Mit einem verdienten 2:0-Sieg gegen Köniz konnte der FC Ibach am Samstag die erste Hürde auf dem Weg zum Schweizer Cup überwinden. Die Tore schossen die Neuzuzüge Driton Hoxha und Simon Lustenberger.
Dem FC Ibach ist der Start in die neue Saison geglückt: Auf dem Weg zum Schweizer Cup wurde die erste von drei Qualifikations-Hürden überwunden. Der Gast aus Köniz entpuppte sich als ungefährlicher Gegner, was wohl auch an den über zehn Abwesenden lag.

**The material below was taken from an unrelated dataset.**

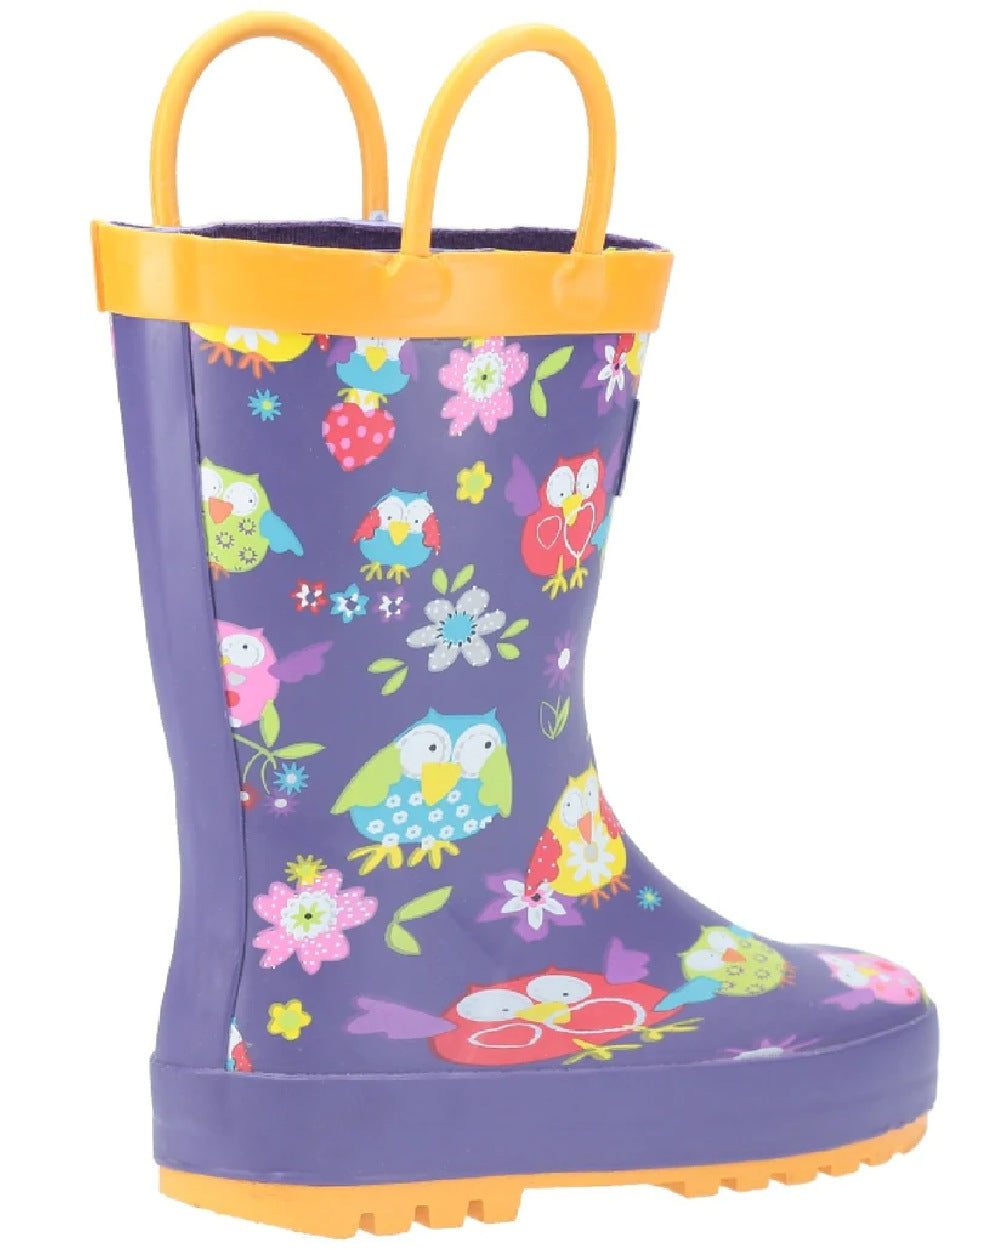 Wotswold Childrens Puddle Waterproof Pull On Boots in Owl 
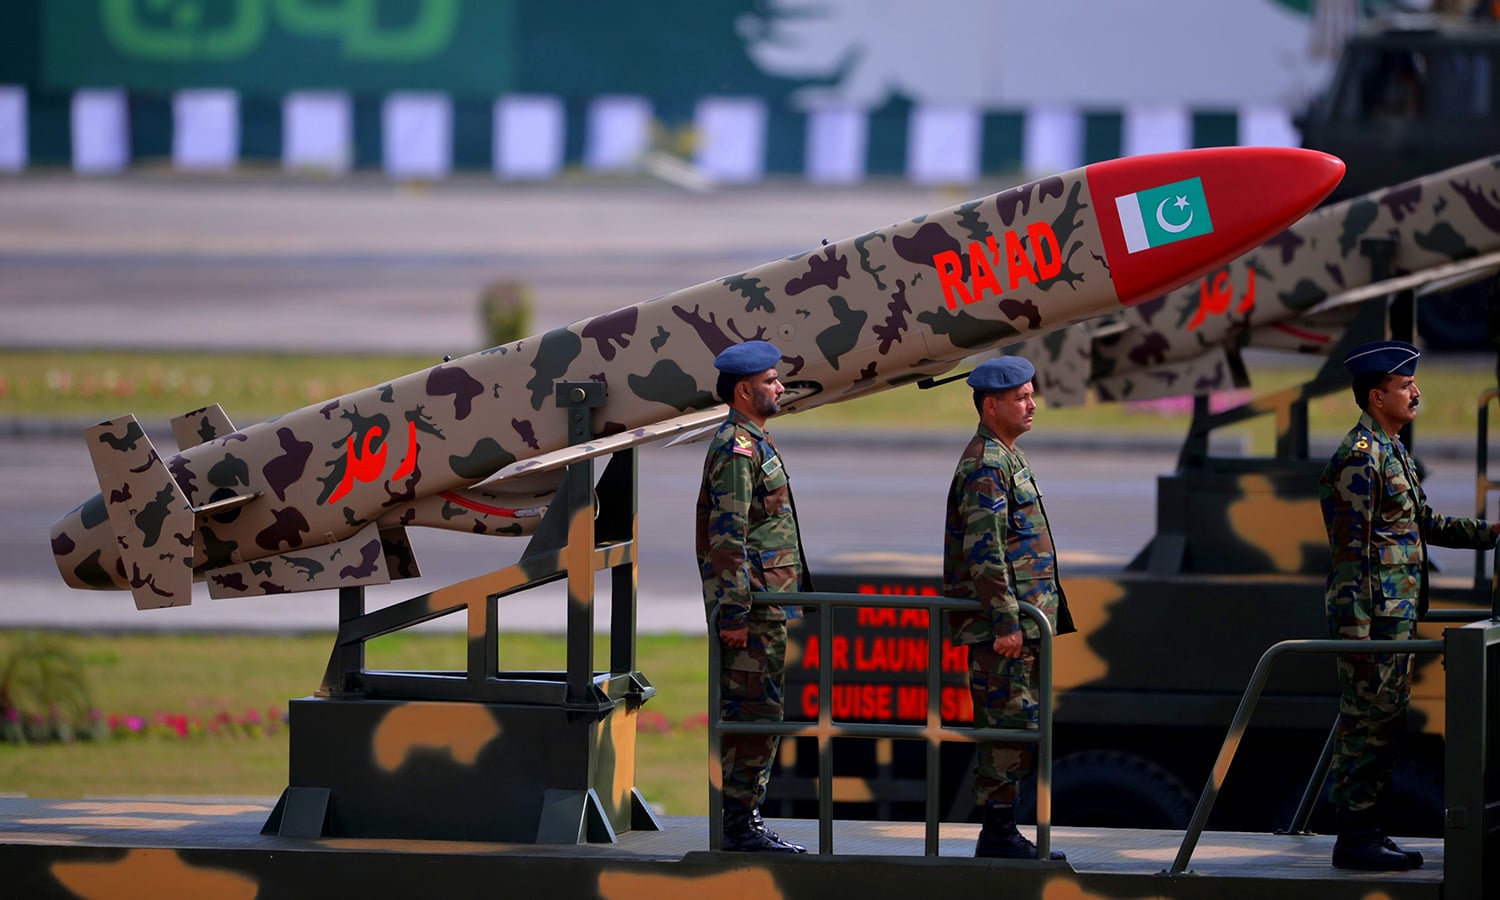 pakistani army soldiers travel on a vehicle carrying cruise missile ra 039 ad during the pakistan day military parade in islamabad on march 23 2016 photo reuters pakistan national day commemorates the passing of the lahore resolution when a separate nation for the muslims of the british indian empire was demanded on march 23 1940 afp photo aamir qureshi

Trotzdem waren die Berner in den ersten zehn Minuten die leicht bessere Mannschaft. In der 11. Minute aber folgte der erste schön vorgetragene FCI-Angriff von David Peter über Simon Steiner, dessen mustergültige Flanke den freistehenden Dzavit Afazi fand, seine Direktabnahme geriet jedoch zu hoch. In der Folge hatten die Ibächler mehr Spielanteile und kontrollierten das Geschehen. Zu zwingenden Chancen kamen jedoch beide Teams nur selten. Nach einer halben Stunde scheiterte Samuel Lustenberger mit seinem Freistoss nur knapp, und kurz vor der Pause hätten Ruhstaller und Neuzuzug Hoxha die Ibächler in Führung bringen können.
Führungstreffer zur richtigen Zeit
In der zweiten Hälfte wurde die Überlegenheit der Ibächler zunehmend grösser. Kevin Kost hatte in der 53. Minute mit seinem Pfostenschuss aus gut 20 Metern viel Pech zu beklagen. Aber auch Köniz kam nur wenig später zu einer Grosschance, nach einer guten Flanke von Bunjaku kam der wohl beste Spieler der Berner, Pascal Zehnder, im Sechzehner sträflich frei zum Abschluss, seine Direktabnahme flog allerdings übers Tor. Das hätte für die Ibächler ins Auge gehen können, umso wichtiger war es, dass sie kurz darauf das 1:0 erzielten konnten. Neuzuzug Driton Hoxha kam aus gut 25 Metern zum Schuss, der Ball wurde abgefälscht und erwischte Torhüter Lauper auf dem falschen Fuss. Die Führung gab den Muotadörflern mehr Sicherheit und auch etwas Luft im Angriffsspiel. Kurz darauf kam auch noch Neuverpflichtung Simon Lustenberger zu einem Teileinsatz, der Bruder von Hertha Berlins Fabian Lustenberger ist noch nicht ganz fit und befindet sich nach langer Verletzungspause noch im Aufbautraining.
Starke Leistung vom FCI-Torhüter
Die Ibächler machten auch nach dem Führungstreffer mehr fürs Spiel. Samuel Lustenberger hätte in der 65. Minute alles richtig gemacht, doch Torhüter Lauper vermochte den Ball mit einer starken Parade noch übers Tor zu lenken. Und zwei Minuten später scheiterte Hoxha mit einem guten Freistoss aus 25 Metern nur knapp. Dass sich die Ibächler aber nicht zu sicher fühlen durften, zeigte sich in der 72. Minute. Mit einem unpräzisen Rückpass machte Kevin Kost dem Könizer Pascal Zehnder ein Geschenk, dieser konnte alleine auf FCI-Hüter Ibrahimi laufen. Der Ibächler Schlussmann blieb aber cool und krallte sich im eins gegen eins den Ball. Und auch in der 78. Minute konnten sich die Ibächler bei ihrem Torhüter bedanken, der den Ausgleich mit einer starken Parade verhinderte. Lorenz Sommers guter Schuss hätte wohl gepasst.
Knaller von Simon Lustenberger
In der 87. Minute fiel dann die Entscheidung. Nach schöner Vorarbeit von Alain Saner liess Neuverpflichtung Simon Lustenberger seine Klasse ein erstes Mal aufblitzen. Sein trockener Schuss zum 2:0 liess Torhüter Lauper keine Chance. Den Ibächlern ist der Start in die neue Saison damit geglückt. Zwar passte noch nicht alles zusammen, viele Fehlpässe und Ungenauigkeiten hemmten den Spielfluss der Jurendic-Elf. Mit Geduld und dank dem starken Torhüter Ibrahimi erreichte man die zweite Runde, wo die Reise nun am kommenden Wochenende zum Absteiger FC Arbon an den Bodensee geht.